想像していたよりは、コンパクトだなと思いませんか?
山岳テントの場合、2人用でだいたい1.5キロ前後。
最近はどんどん軽量化が進んでいて、
1人用なら500g以下、というものもあるようです。
思い立ったらわりとどこへでも持っていけるので、
旅行先でもかなり活躍しています。
テントがあることで臨機応変に行動できるし、
宿泊費の節約にもなる。
私たちは買ってから1年くらいで、すぐ元がとれました。
たとえばこちらはスイスの広大なオートキャンプ場。
立派なキャンピングカーで来ている人だらけの中で、
こんなちんまりとしたテントはもちろん私たちだけでしたが(笑)。

たとえよく知らない場所でも、
テントをポンと置いた瞬間、
そこに自分の部屋ができた感覚になれるのがすごいところ。
薄いテントのカバーでおおわれただけなのに
なんということでしょう、
この安心感。
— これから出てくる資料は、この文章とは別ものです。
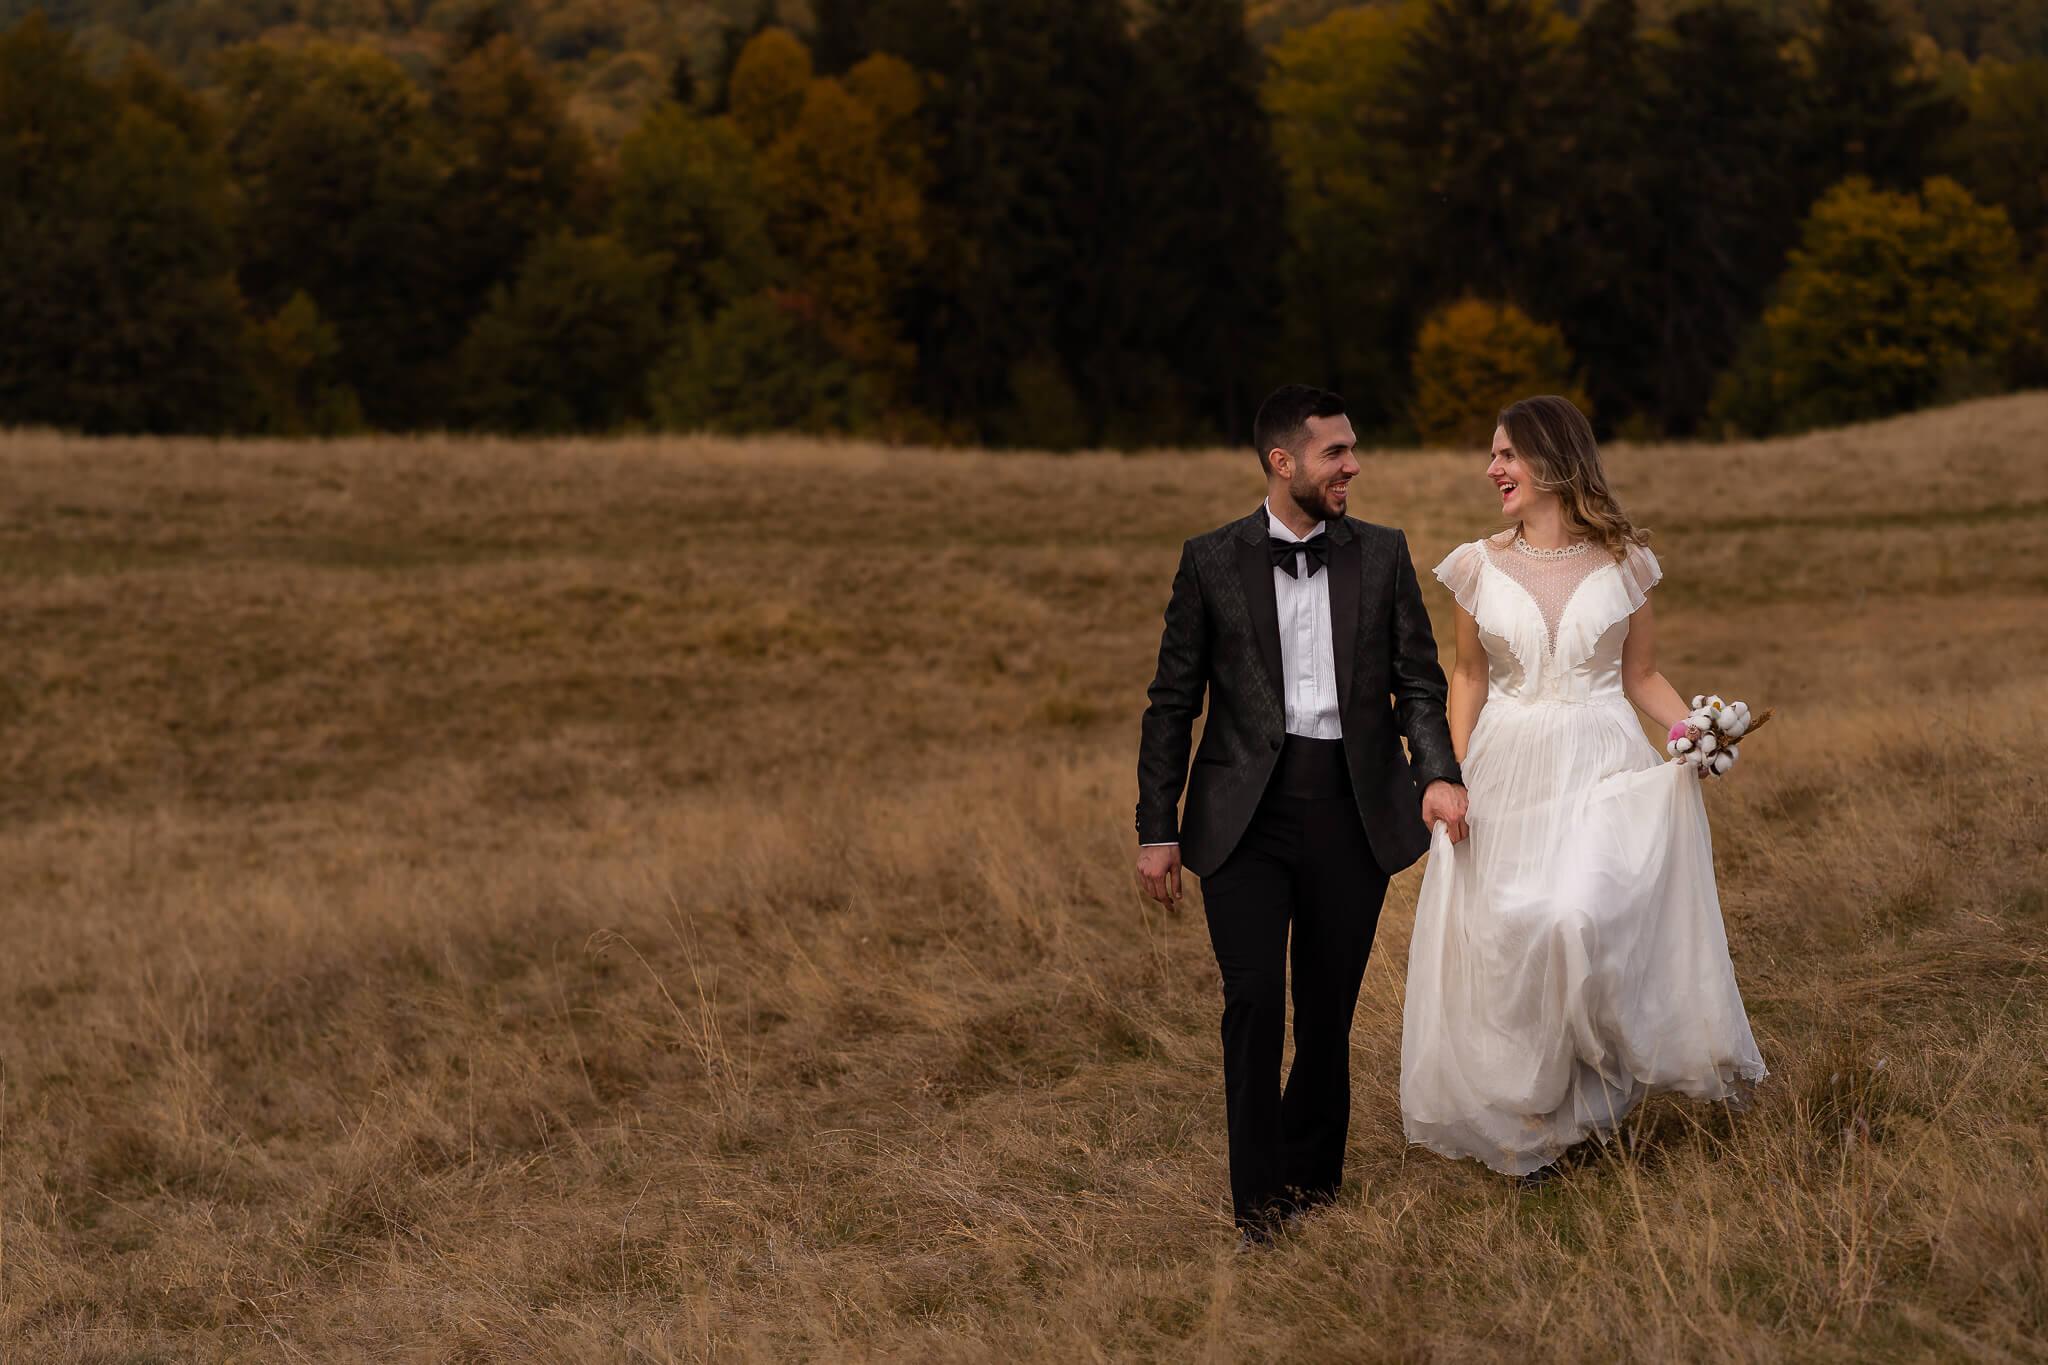 Fotografie de nunta in Bucuresti

守られてる感。
テントの中はほんわかと温かいので、
気持ちもおだやかになるようです。
これってもしかしたら、
母親のおなかの中にいたときの感覚‥‥?
私なんて、リラックスしすぎて
10時間、山のふもとのテントで熟睡したことがあります。
不眠になやむかたには、テント睡眠をぜひおすすめしたいです。
ただし注意点としては、音は基本的につつぬけです。
こちらの出す音も外に聞こえてしまいます。
お隣のテントが近い、なんていうときは要注意。
それでも、視界はさえぎられているぶん、
プライベート感はかなり保たれると思います。
それと、音で言えば、夜中にゴォーと風の鳴る音や
雨の打ちつける音にドキドキしたり、
外がそんなに荒れてるのに、テントの中は静かで、
ものすごく安どしたり。
そんなふうに外の様子を間近に感じながら過ごせるのも、
テン泊ならではの素敵なところだと思います。
自分はいつもと変わらないのに、いつもとおなじテントなのに、
目の前の景色が、聞こえてくる音がちがう。
いつもそんなワクワクがあります。
非日常の場所を訪れていても
そこでふだんのように起きて、着替えて、
ご飯をたべて、眠って‥‥と「生活」ができるテン泊。
山でも海でも、ただただ広い場所でも、実家の庭でも
きっと、どこでもいいと思う。
空を見ながら小さな鍋でお湯をわかすとか、
腰から下はぬくぬくと寝袋に入ったまま
テントの入り口から顔だけ外に出して歯みがきするとか。
私も自分が体験するまでわからなかったのですが、
これってすごく楽しいので、
みなさんにも、ぜひやってもらいたいなあと
思ったりしています。
道具にこだわったりおしゃれな感じにもできるけど、
私は、この生活感あふれるシンプルなテン泊が
とても好きです。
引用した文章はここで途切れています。